True non-blocking two-way communication between parent and external child process

Question

I have read around 50 posts and tutorials on this topic, I have copied, written and tested around 20 alternatives and done every possible research I can think of. Still, I have not seen a working solution for the following problem:

Parent process A wants to pass data to an external process B, let process B modify the data and pass it back to parent process A, then continue with parent process A. Process B is part of an external program suite that I have no influence over, and that is normally run like this on the UNIX command line:

< input_data program_B1 | program_B2 | program_B3 > output_data

...where

input_data, output_data: Some data that is processed in programs B1-B3

program_B1,B2,B3: Programs that read data from stdin (fread) and output to stdout (fwrite) and apply some processing to the data.

So, in sequence:

(1) Parent process A passes data to child process B

(2) Child process B reads data and modifies it

(3) Child process B passes data back to parent process A

(4) Parent process A reads data and continues (for example passing it further on to a process B2..).

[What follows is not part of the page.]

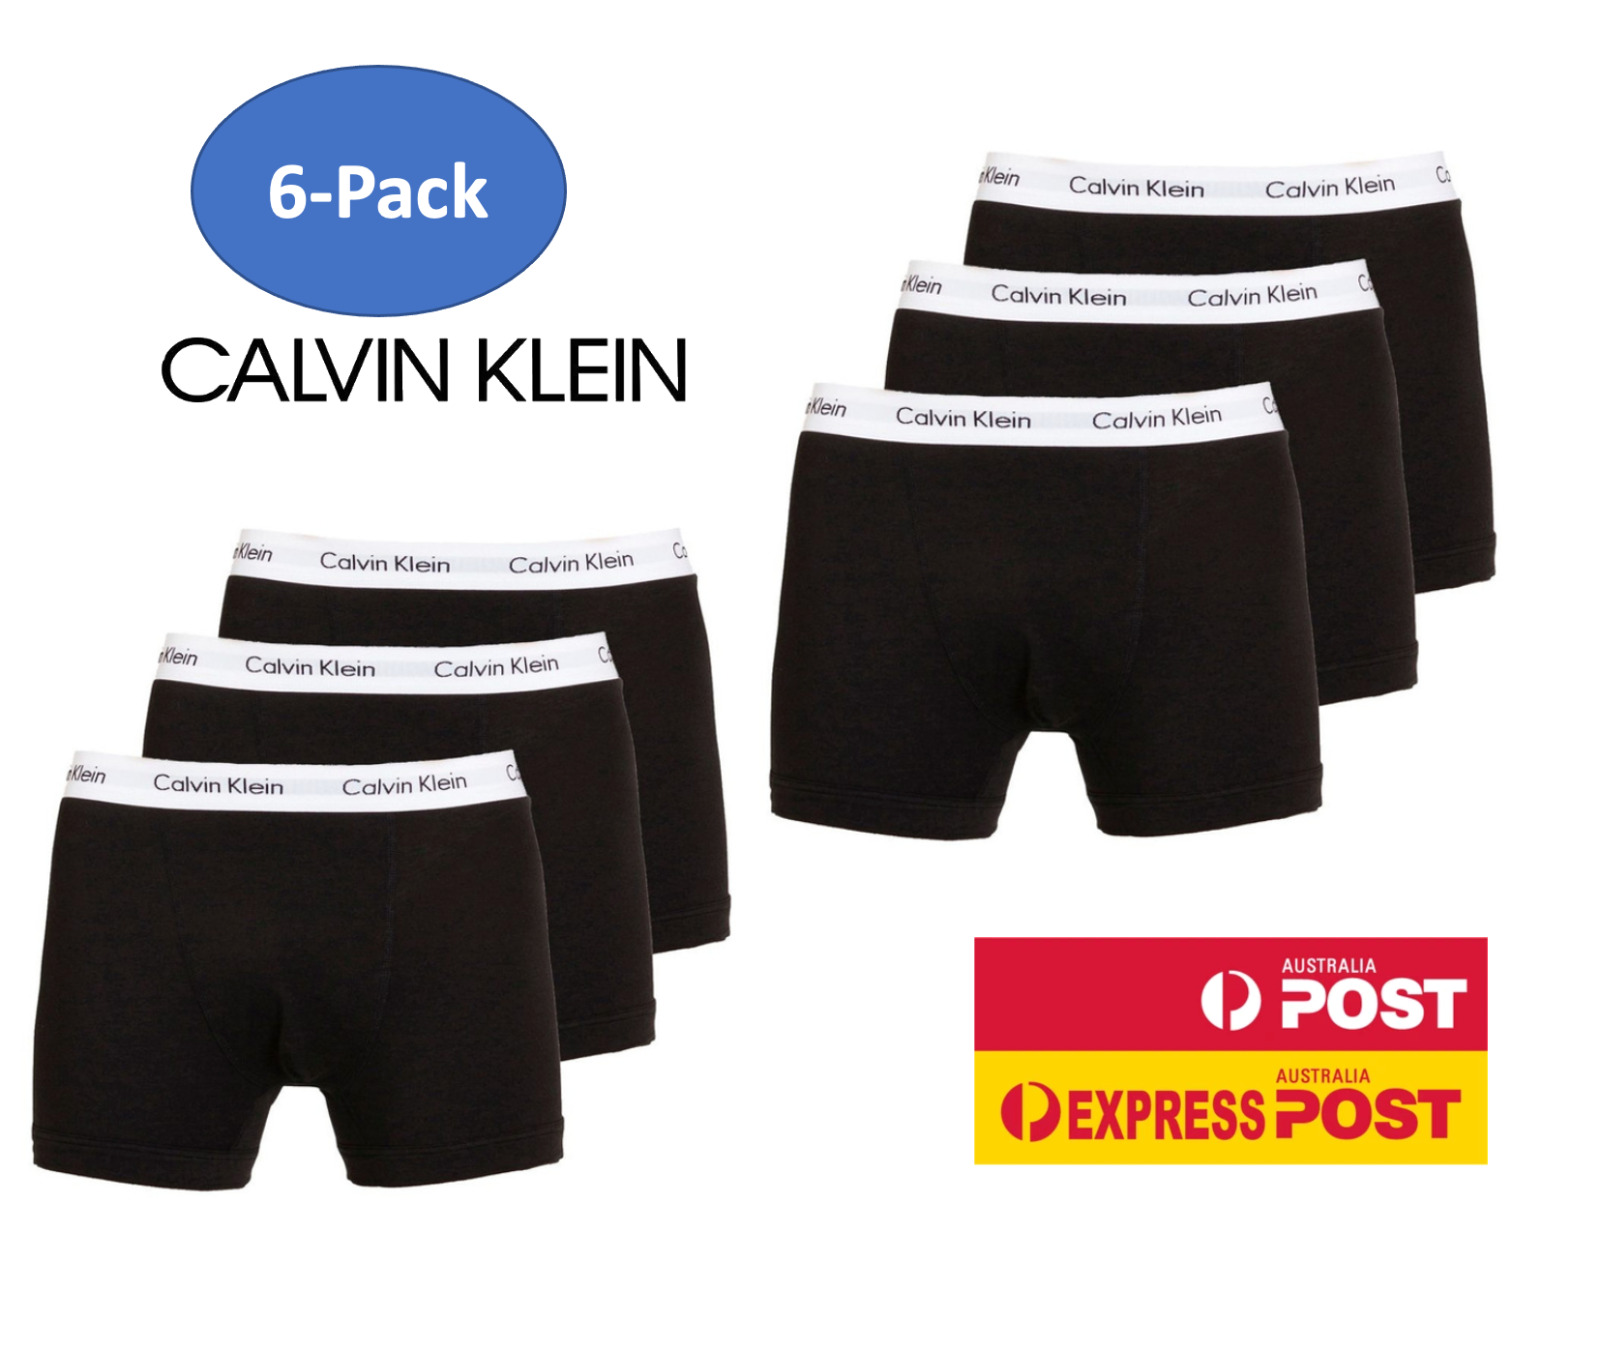 CALVIN KLEIN CK Men's Comfort Fit Trunk Underwear New Black - S M L XL - 6-Pack

(5) Parent process A passes another data set to child process B etc.

The problem is, whatever I do, the program almost always ends up hanging on a read/fread (or write/fwrite?) to or from a pipe.

One important thing to note is that the parent process cannot simply close the pipes after passing data on to the child process, because it works in a loop and wants to pass another set of data to the child process once it has finished processing the first set.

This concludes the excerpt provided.